The moment those files exist at the root, every file-system agent — Cursor, Claude Code, Codex — gets the same operating picture. They write a `<Button>` because the rules say to import the shared one. They don't recreate `Card`. They route through `app/...`. They don't try to deploy from the sandbox. The invented naming and the invented layouts that came out of the sandboxed build can't survive the merge — they'd violate rules the agent can read.

## The file-system agent + the kit, working together

This is what walking through the handoff gap actually looks like.

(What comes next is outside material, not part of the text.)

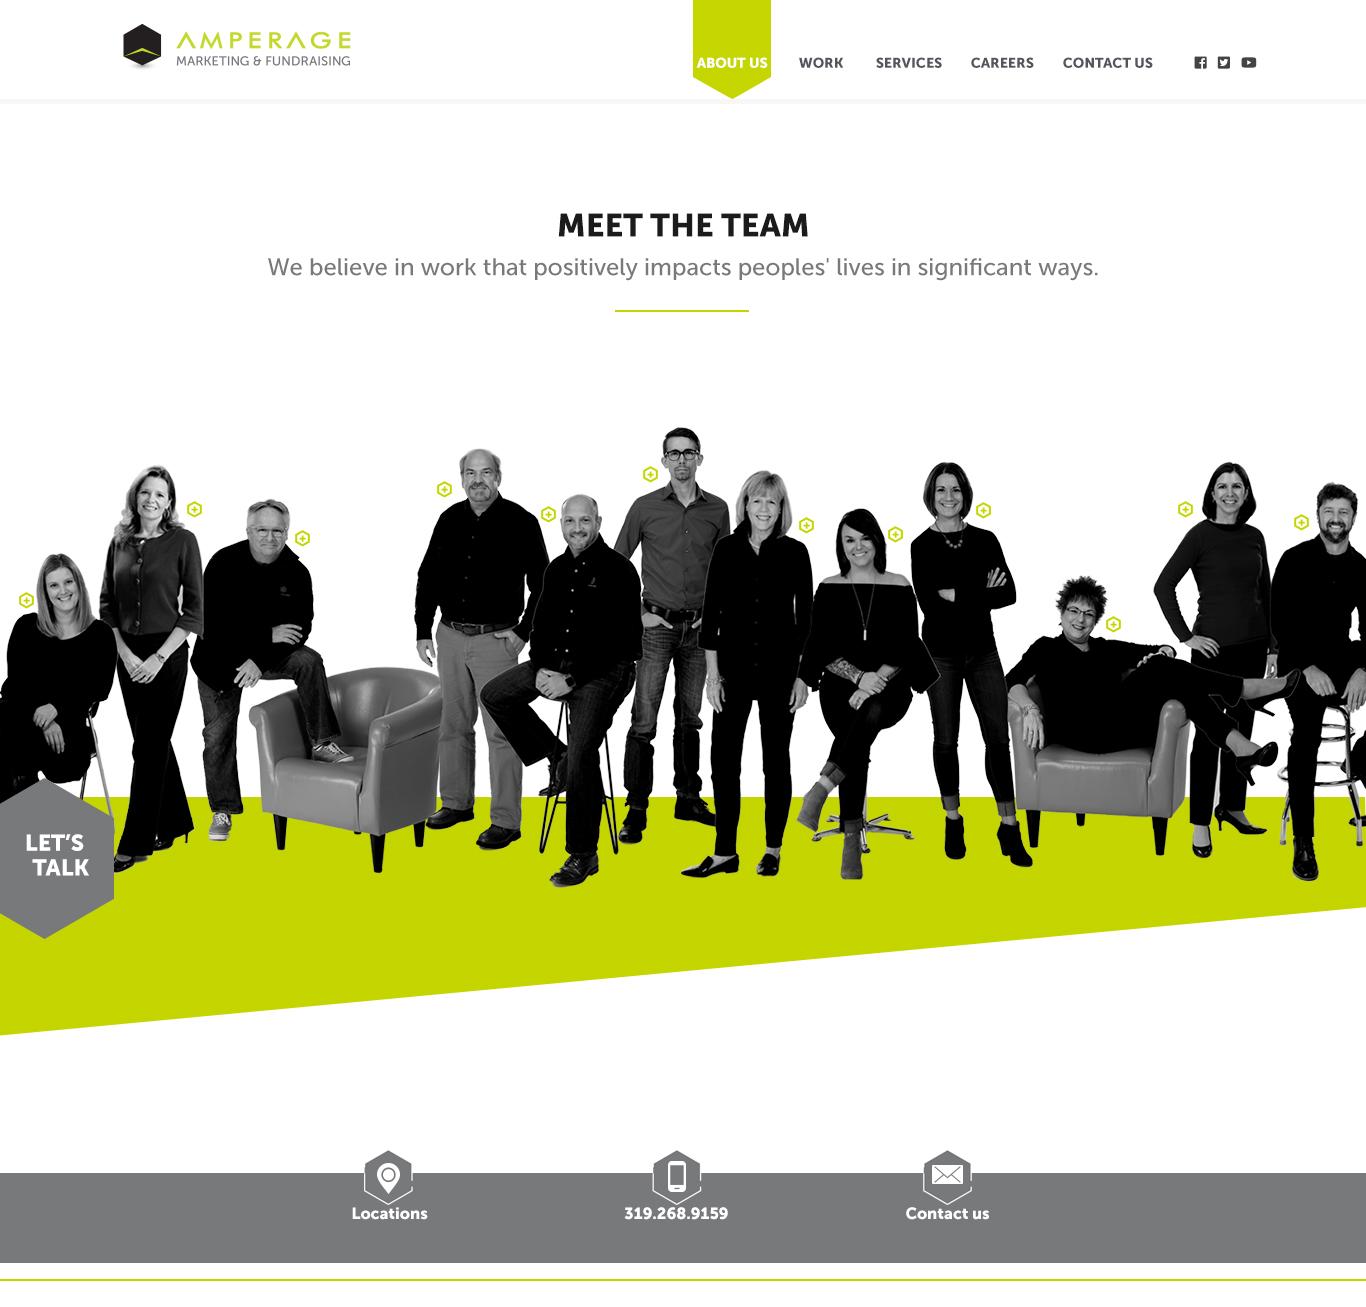 AMPERAGE Meet The Team Design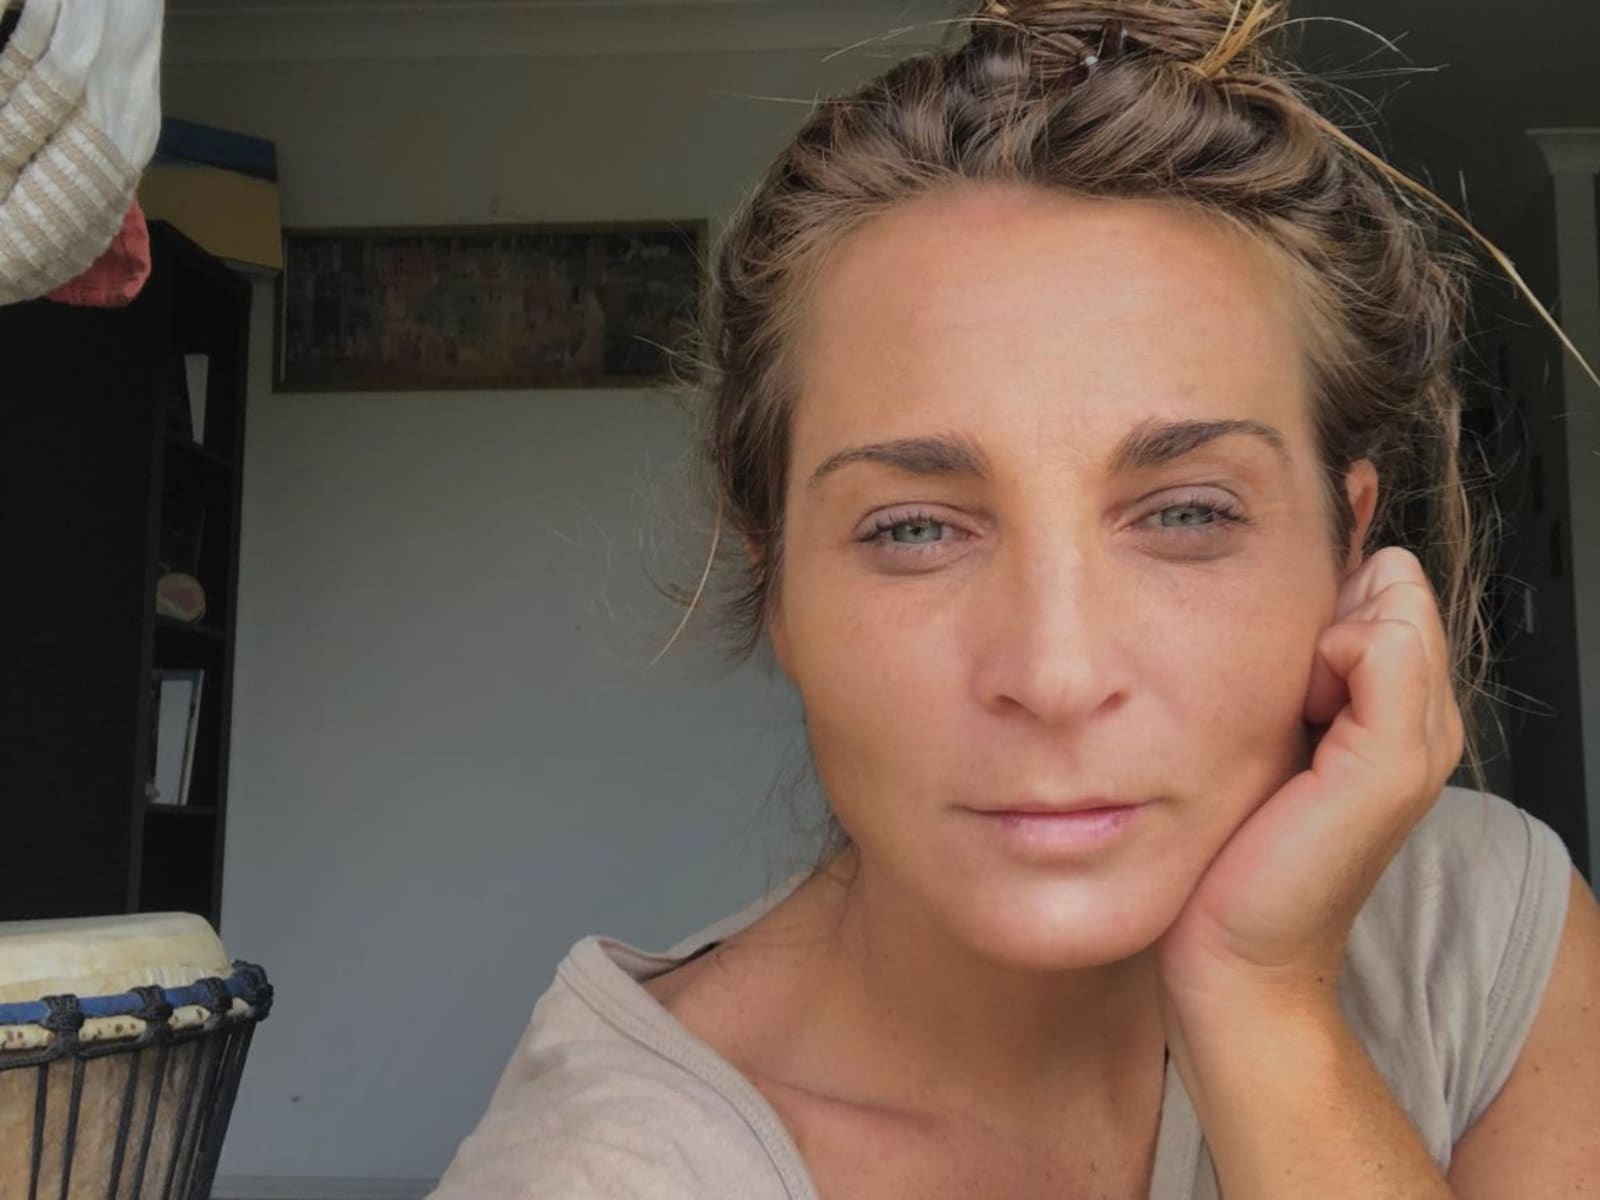 Francesca from Gold Coast, Queensland, Australia

You've got an exported sandbox build sitting in `sandbox-export/`. You want to fold its settings page into your real app:

```bash
# In the real repo, in a Cursor or Claude Code session
> The settings page in sandbox-export/SettingsPage.tsx has the structure
  I want. Port it into app/(dashboard)/settings/page.tsx. Use the shared
  Card, Switch, Button, and Dialog components — do NOT bring over the
  sandbox's local ones. Use Zod for the schema. Run `bun tsc --noEmit`
  before you're done.
```

The agent can do this. It has the repo, the rules, the shared components, the test runner, and the type-checker. It cannot in any sandbox, because the sandbox has none of those.

Same shape for a deploy that needs an actual custom domain:

```bash
# Owned repo, on your machine
$ bun run deploy
→ checking credentials... ok
→ verifying DNS for app.example.com... ok
→ issuing TLS... ok
→ building web bundle... ok
→ triggering native builds for iOS + Android... ok
→ promoting web to production... ok
```

That is a one-line deploy because the kit's deploy script holds the pieces. The sandbox never could have run it: it doesn't have your DNS, your Apple credentials, your mobile build tokens.

## What this gets us

Sandboxed builders, frontier models, MCP connectors — all of it churns. Next quarter there will be a faster agent in a tighter sandbox with a better editor and a different business model. That's good. Use it for the part it's good at: getting from idea to screen, fast.

The owned kit + a file-system agent is the layer that doesn't churn underneath. Your `CLAUDE.md` works in Cursor this month and Claude Code next month. The same component renders on web, iOS, and Android today and will render on whatever ships the same API tomorrow. The deploy script holds the production keys whether you generated the code locally or exported it from a sandbox. That durability is the actual asset — the part that survives the model churn.

Build the ten-minute MVP in the sandbox. Then walk it through the handoff into a kit you own. That's the loop.